The monomer (A) shown below is 15 to 80% by weight, the monomer (B) and / or the monomer (C) is essentially 20 to 85% by weight, and does not contain a crosslinkable monomer. An aqueous thickener which is a water-soluble copolymer obtained by radical copolymerization under conditions, and has a GPC top peak molecular weight of 2 million to 30 million based on polyacrylic acid.
Monomer (A); 2-acrylamido-2-methylpropanesulfonic acid and / or a salt thereof, wherein the content of 2-methyl-2-propenyl-1-sulfonic acid is 120 ppm by weight or less.
Monomer (B); (meth) acrylic acid and / or a salt thereof.
Monomer (C): monofunctional acrylamide or acrylate ester in which an alkyl group may be bonded to the N atom. The aqueous thickener according to claim 1, wherein the monomer (A) is produced through the following first to fourth steps.
1st process; The process of manufacturing the liquid mixture of acrylonitrile and fuming sulfuric acid.

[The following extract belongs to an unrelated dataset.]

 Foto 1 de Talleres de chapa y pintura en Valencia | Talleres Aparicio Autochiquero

Second step: A mixture of isobutylene and the mixed liquid produced in the first step are mixed and contacted, and 2-methyl-2-propenyl-1-sulfonic acid is 12000 ppm by weight or less of 2-acrylamido-2-methylpropanesulfonic acid. A step of obtaining an acrylonitrile slurry liquid.
Third step: A step of solid-liquid separation of the slurry liquid obtained in the second step to obtain a crude cake of 2-acrylamido-2-methylpropanesulfonic acid, and then washing the crude cake with acrylonitrile.

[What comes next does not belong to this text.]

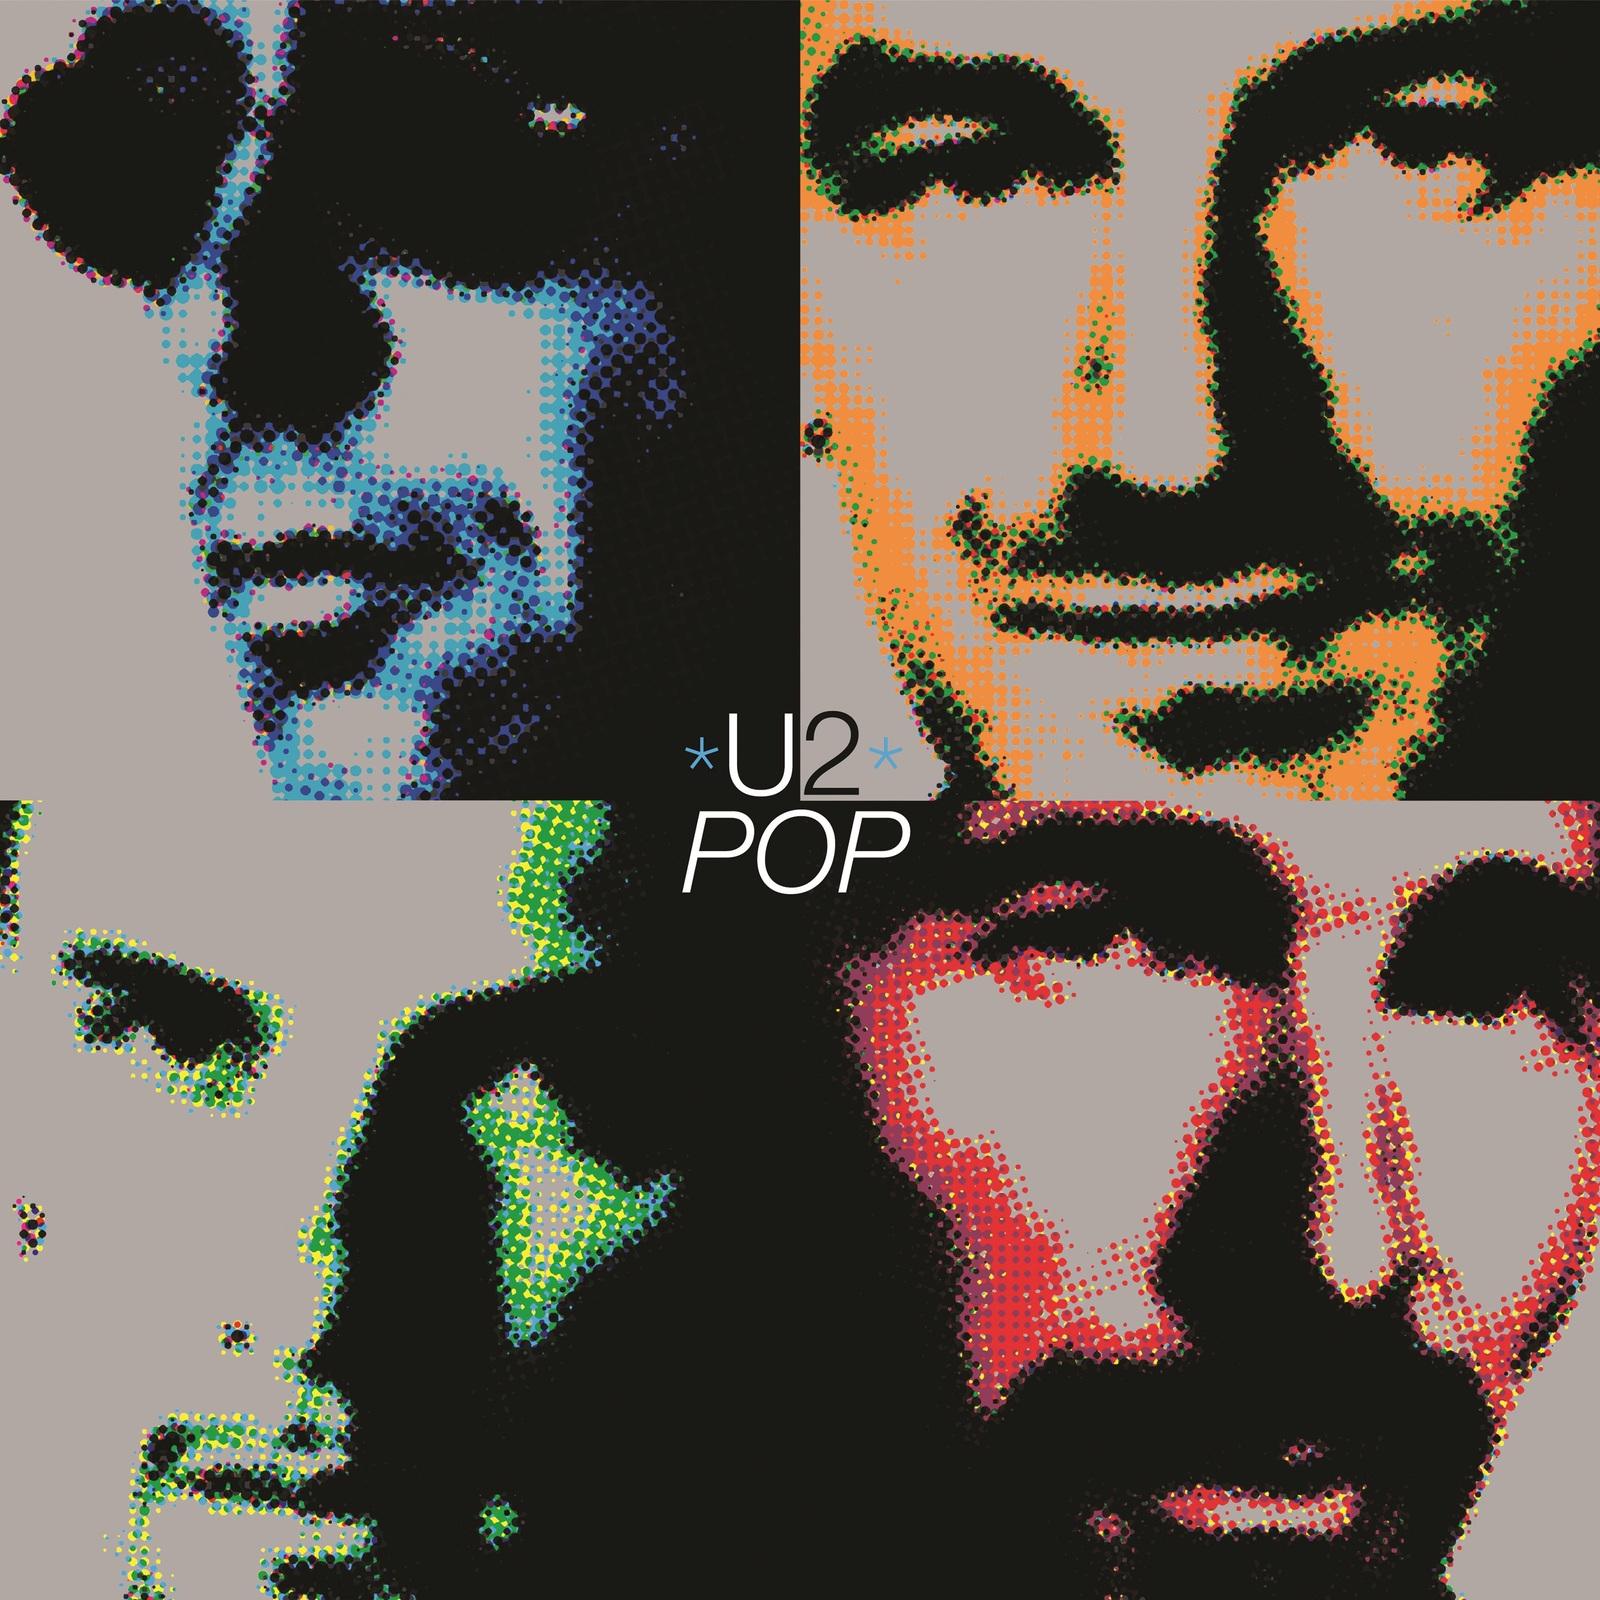 Pop (2LP) image

Fourth step: A step of drying the washed coarse cake obtained in the third step. The aqueous thickener according to claim 1 or 2, wherein the monomer (C) is a monomer selected from acrylamide, N-alkylacrylamide, and N, N-dialkylacrylamide. The aqueous thickener according to any one of claims 1 to 3, wherein the content of 2-methyl-2-propenyl-1-sulfonic acid in the monomer (A) is 60 ppm by weight or less. The aqueous thickener according to any one of claims 1 to 4, wherein the content of 2-methyl-2-propenyl-1-sulfonic acid in the monomer (A) is 30 ppm by weight or less. The method for producing an aqueous thickener according to any one of claims 1 to 5, wherein the monomers (A), (B) and / or (C) are gel-polymerized. An aqueous thickener containing the aqueous thickener according to any one of claims 1 to 5 and a mineral acid or organic acid, or an alcohol as essential components.